Since 2009, the Bill and Melinda Gates Foundation has awarded $355 million to Rotary International in the global effort to eradicate polio, issuing the challenge that Rotarians worldwide would raise $200 million by June 2012. That goal has been reached, and Clarkston Rotarians celebrated on Monday with a cake and a talk from District polio co-chair Virginia Barrons. The fight is not over. Polio is still endemic in four countries; India, Pakistan, Nigeria and Afghanistan, although India just completed its first year without a new case reported. We can’t quit until the job is done and no new cases have been reported in the world for three years.
We have completed this round of funding, but the fight goes on and fundraising must continue.
As long as polio threatens even one child anywhere in the world, children everywhere, including the United States, remain at risk. The stakes are that high.
It may have been 40 degrees, windy and snowing, but it didn't stop Clarkston Rotary members and Cub Scout pack 499 scouts and parents from cleaning up Depot Park. Dave Boersma, Cub Scout den leader and Clarkston Rotarian, arranged for the collaboration, and due to the combined efforts, the park looks great and can be enjoyed now that spring finally arrived!
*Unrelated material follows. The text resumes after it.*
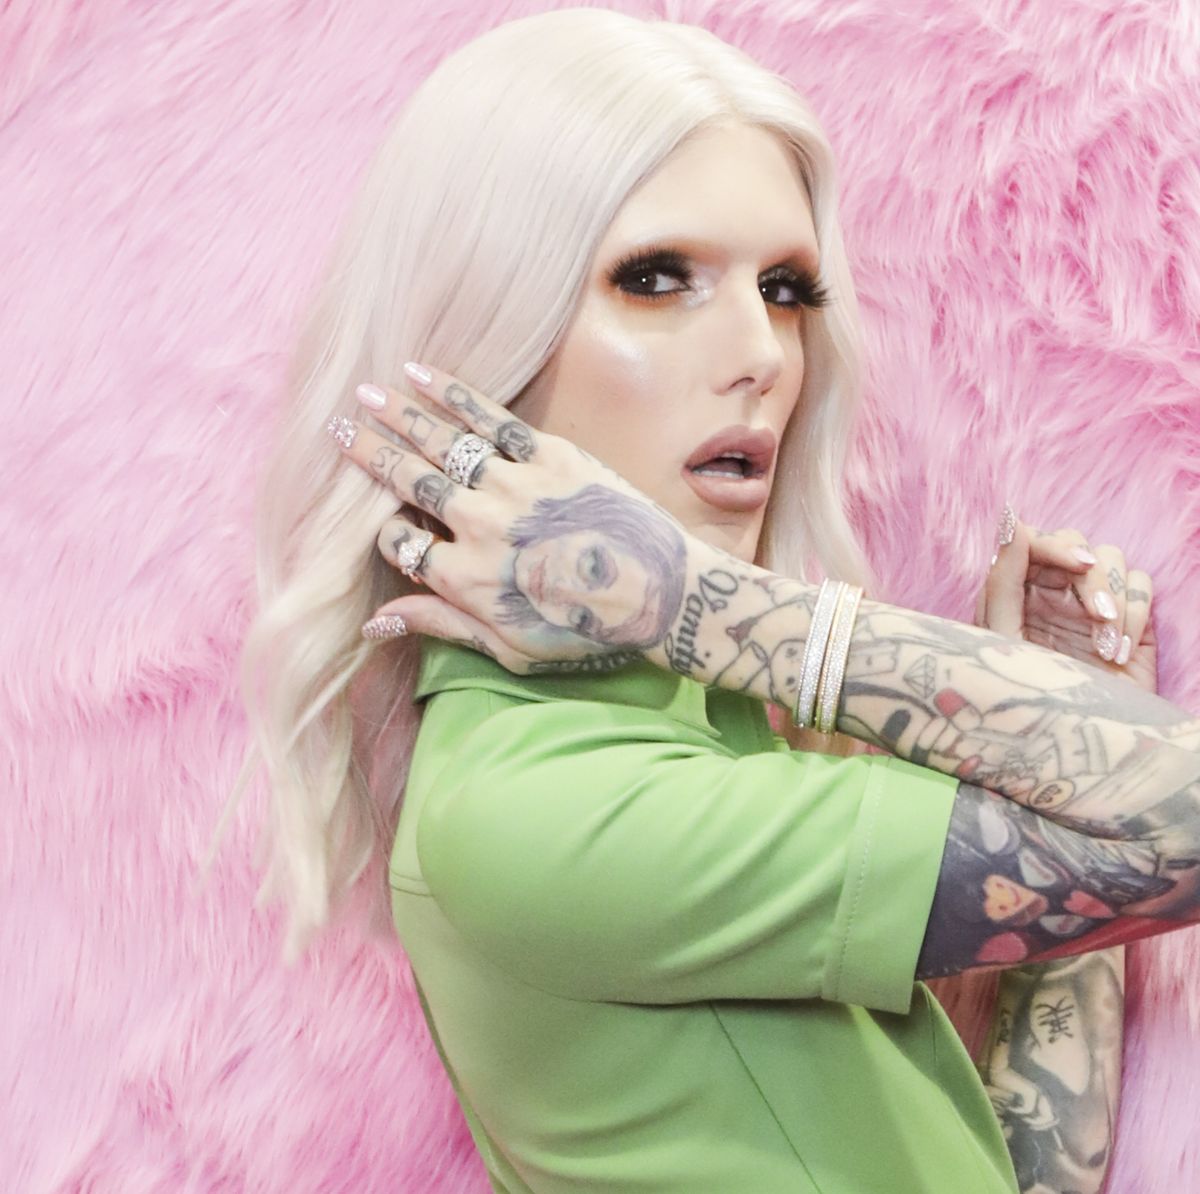 Who Is Jeffree Star? - Everything to Know About Jeffree Star

Rotary International is a volunteer organization of business and professional leaders who provide humanitarian service, and help to build goodwill and peace in the world. There are approximately 1.2 million Rotary club members belonging to 33,000 Rotary clubs in more than 200 countries and geographical areas.
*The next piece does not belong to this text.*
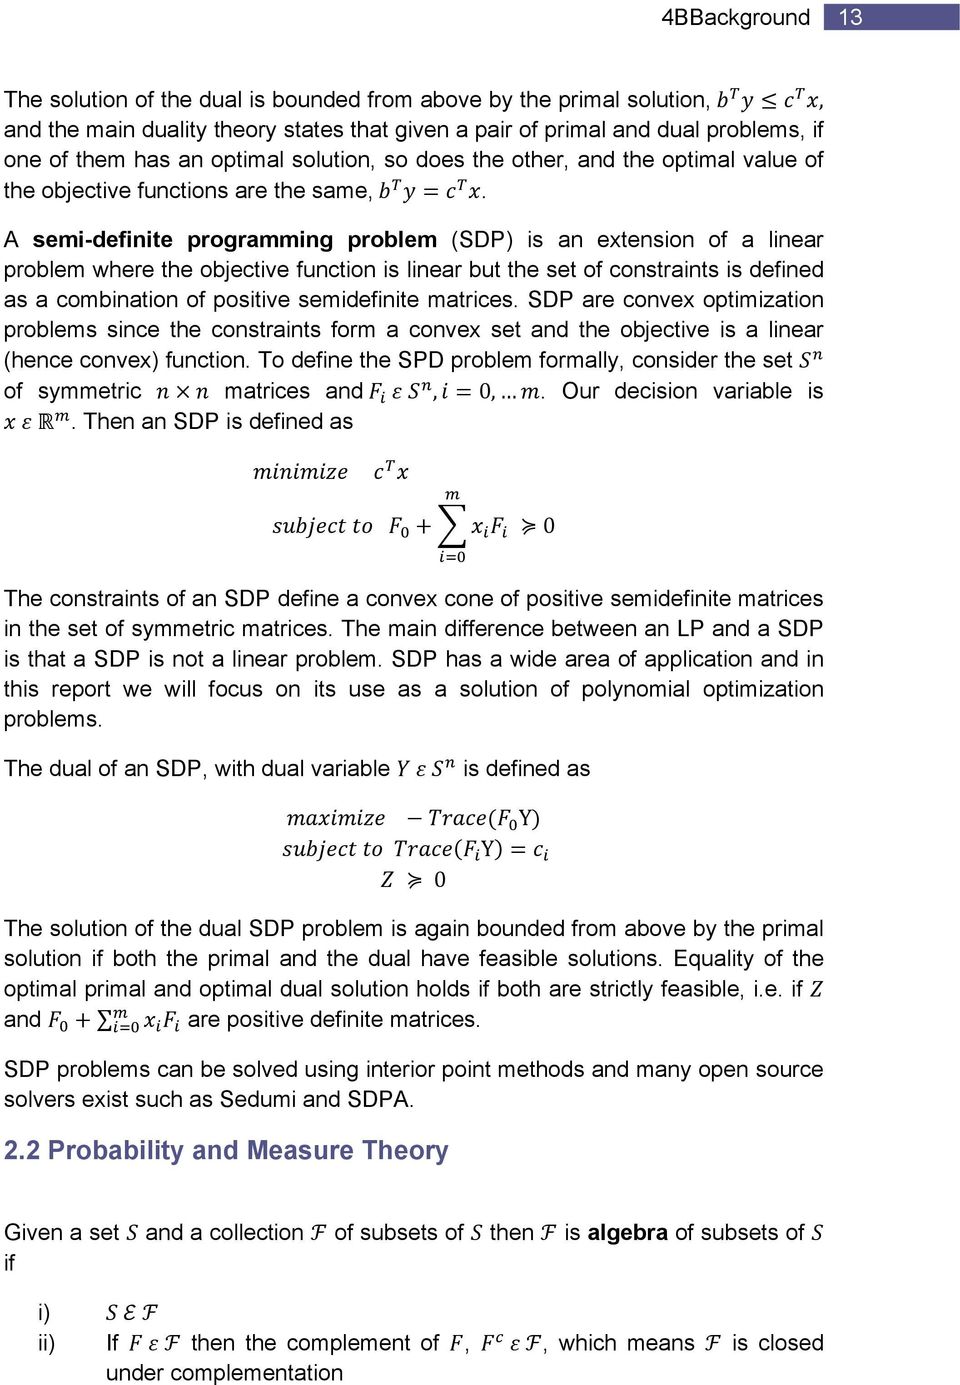 A semi-definite programming problem (SDP) is an extension of a linear problem where the objective function is linear but the set of constraints is defined as a combination of positive semidefinite

Founded in Chicago in 1905, Rotary celebrated 100 years of service in 2005. The Rotary Foundation has awarded more than US$2.1 billion in grants, which are administered at the local level by Rotary clubs.
What is the purpose of Rotary?
Rotary clubs exist to improve communities through a range of humanitarian, intercultural and educational activities. Clubs advance international understanding by partnering with clubs in other countries. Rotary also encourages high ethical standards in all vocations.